- **Exercise objective**
When the line containing "Different combinations are available." is found in the data below, copy it and each line after it through the line containing "The table was", exactly and with no others.

- **Records provided**
>>>>>

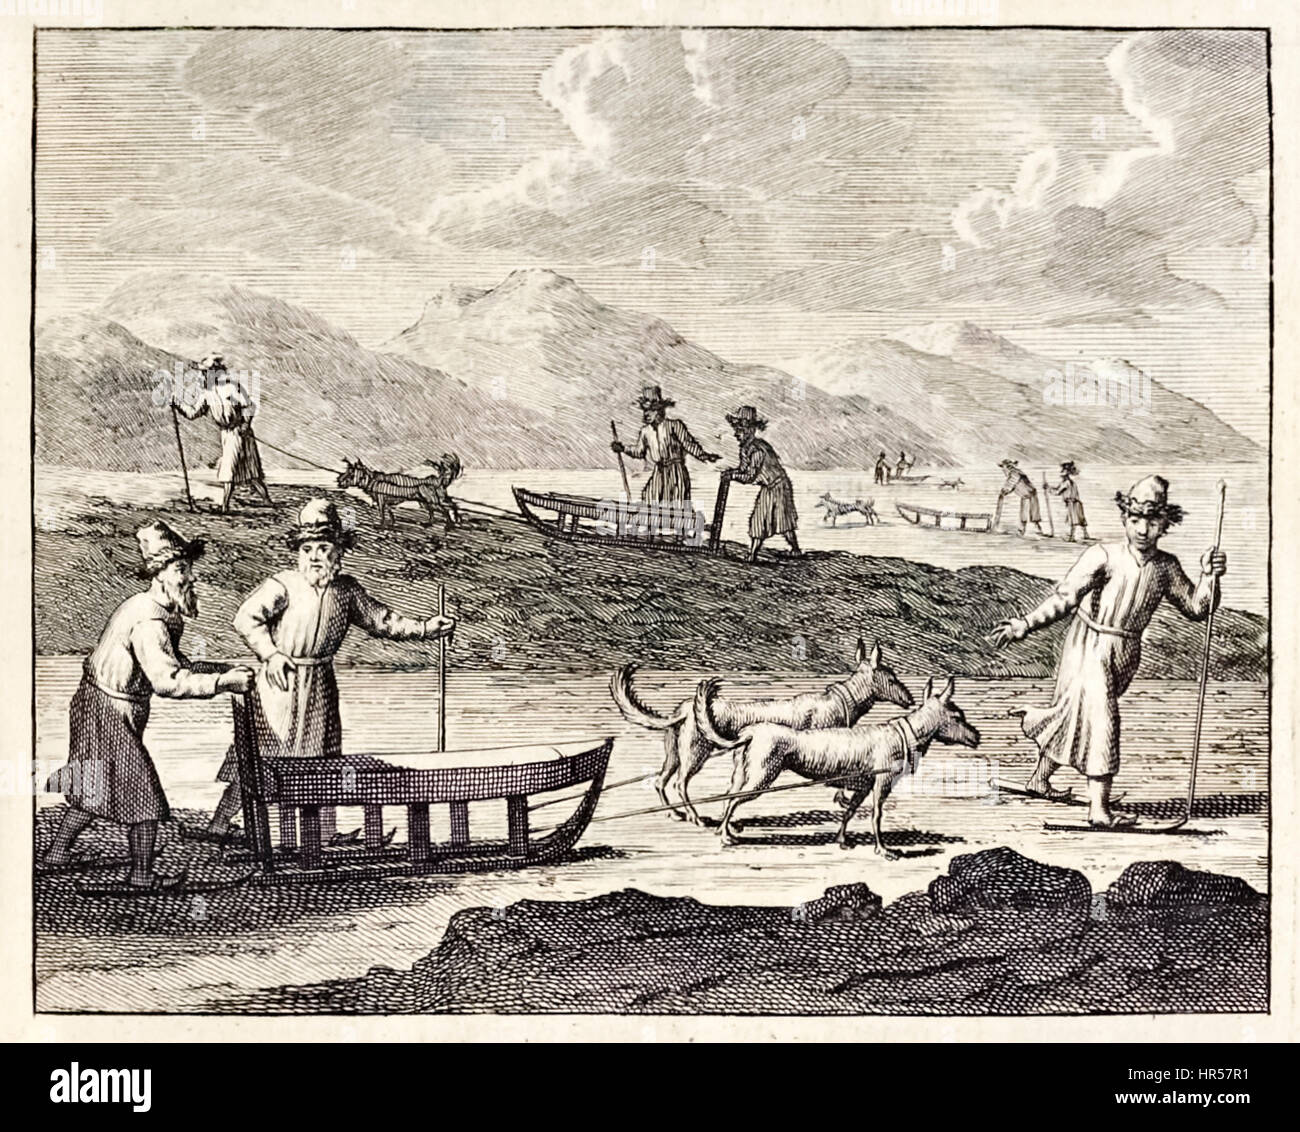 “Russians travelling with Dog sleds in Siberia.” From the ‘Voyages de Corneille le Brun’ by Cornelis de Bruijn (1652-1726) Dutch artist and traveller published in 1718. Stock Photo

<<<<<
>>>>>

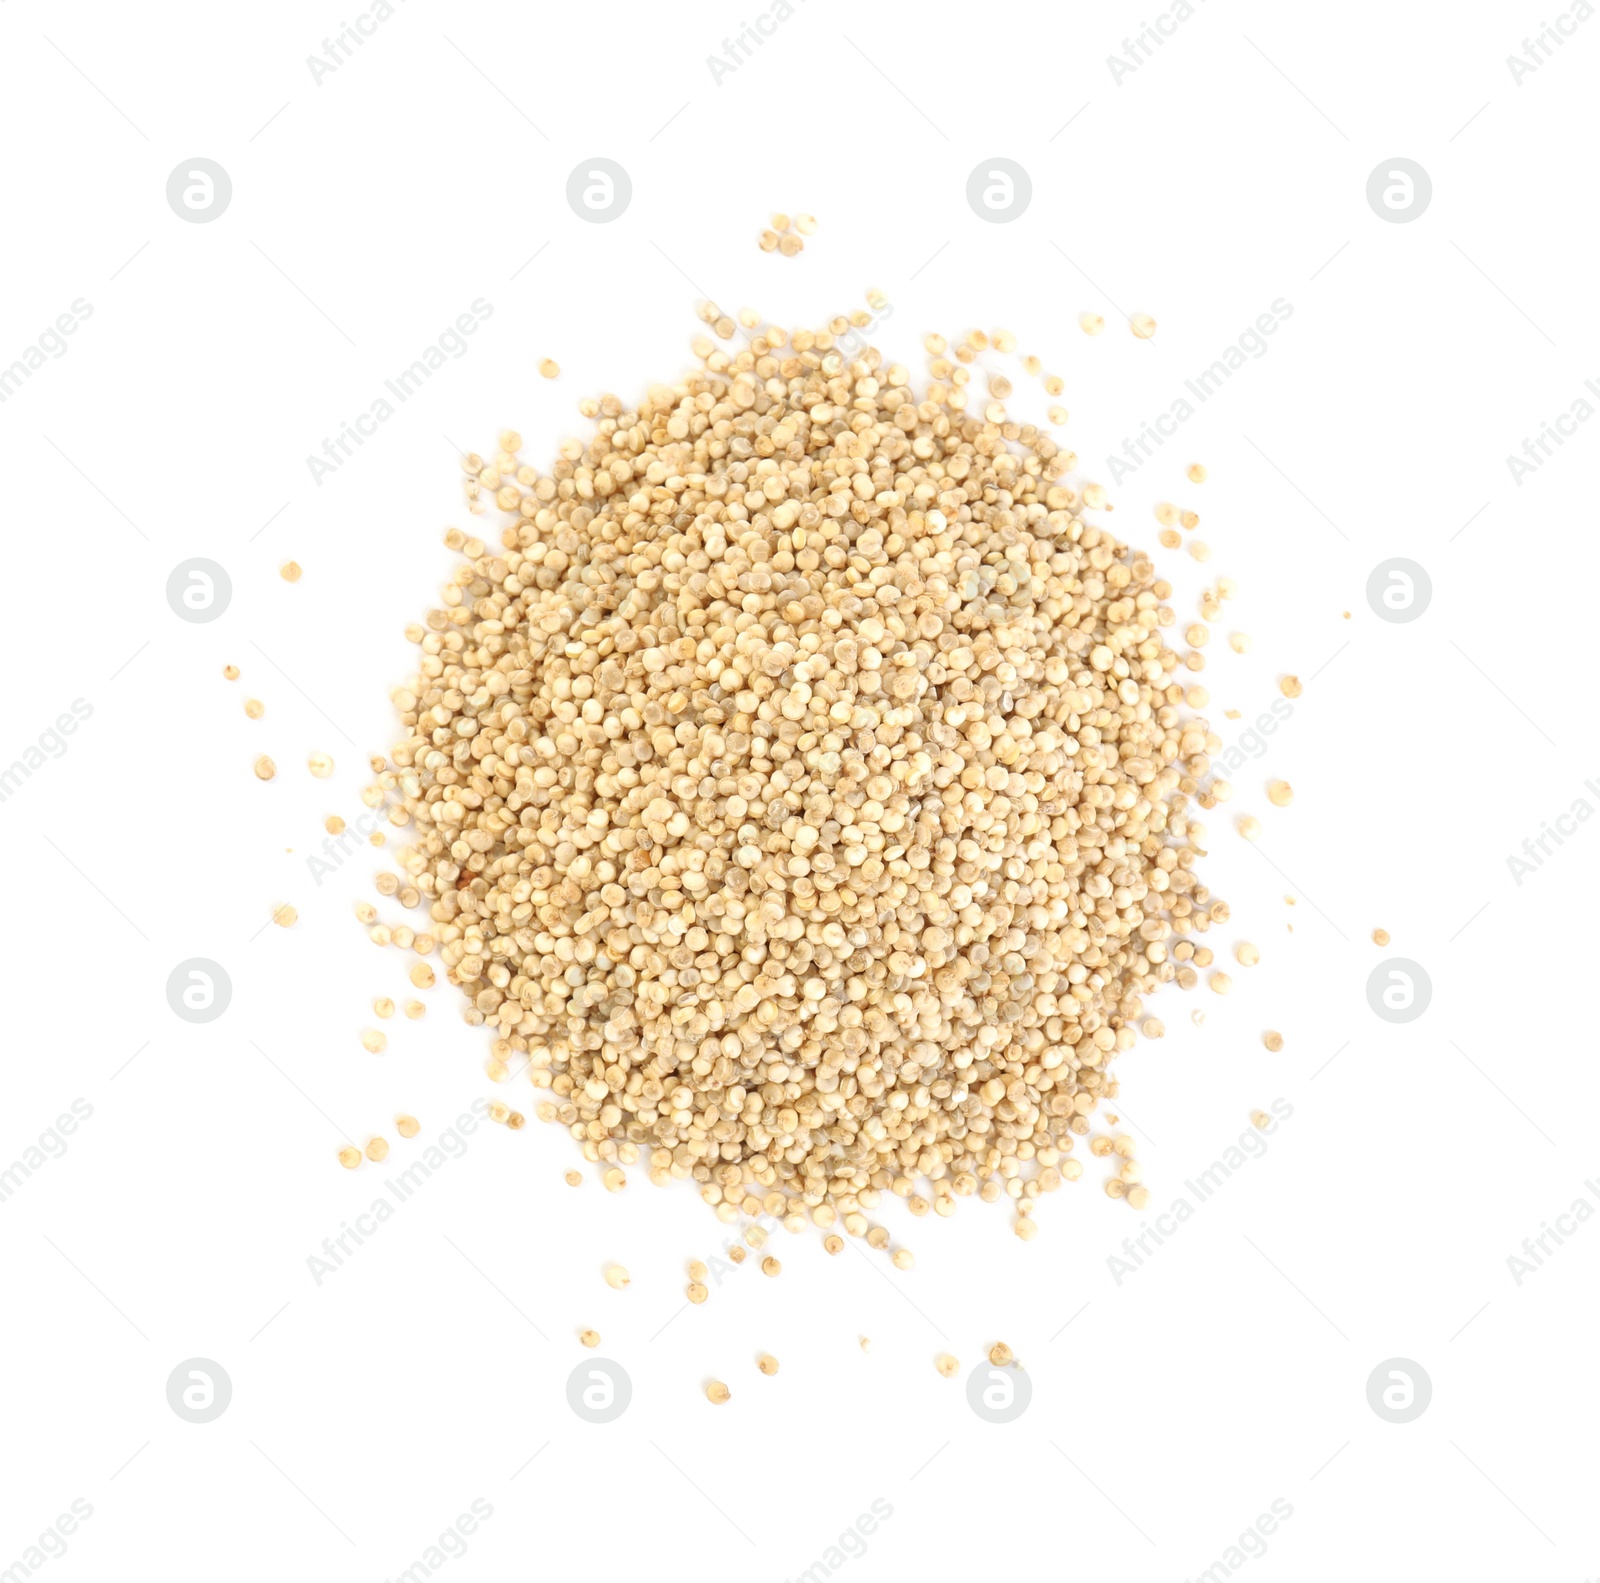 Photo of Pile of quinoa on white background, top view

<<<<<
>>>>>

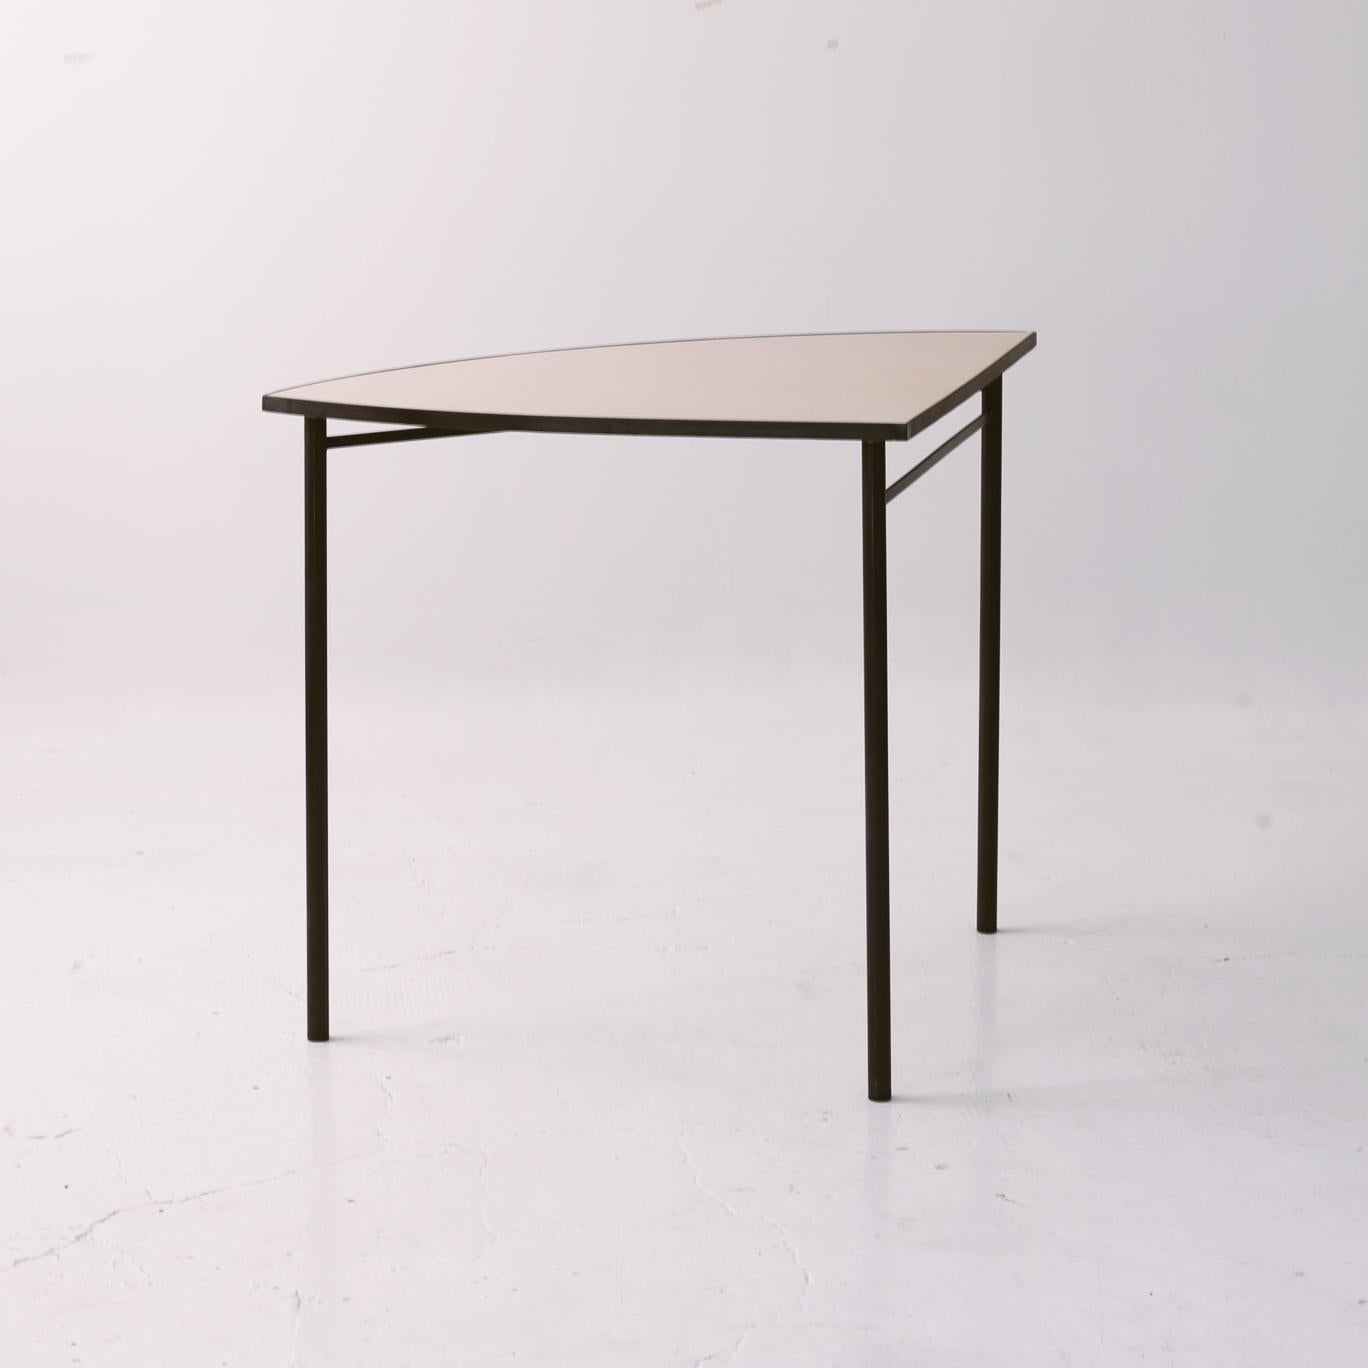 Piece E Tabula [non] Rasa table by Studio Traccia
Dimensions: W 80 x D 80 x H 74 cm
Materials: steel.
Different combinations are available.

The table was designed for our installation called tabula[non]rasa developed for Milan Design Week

<<<<<

- **Exercise answer**
Different combinations are available.

The table was designed for our installation called tabula[non]rasa developed for Milan Design Week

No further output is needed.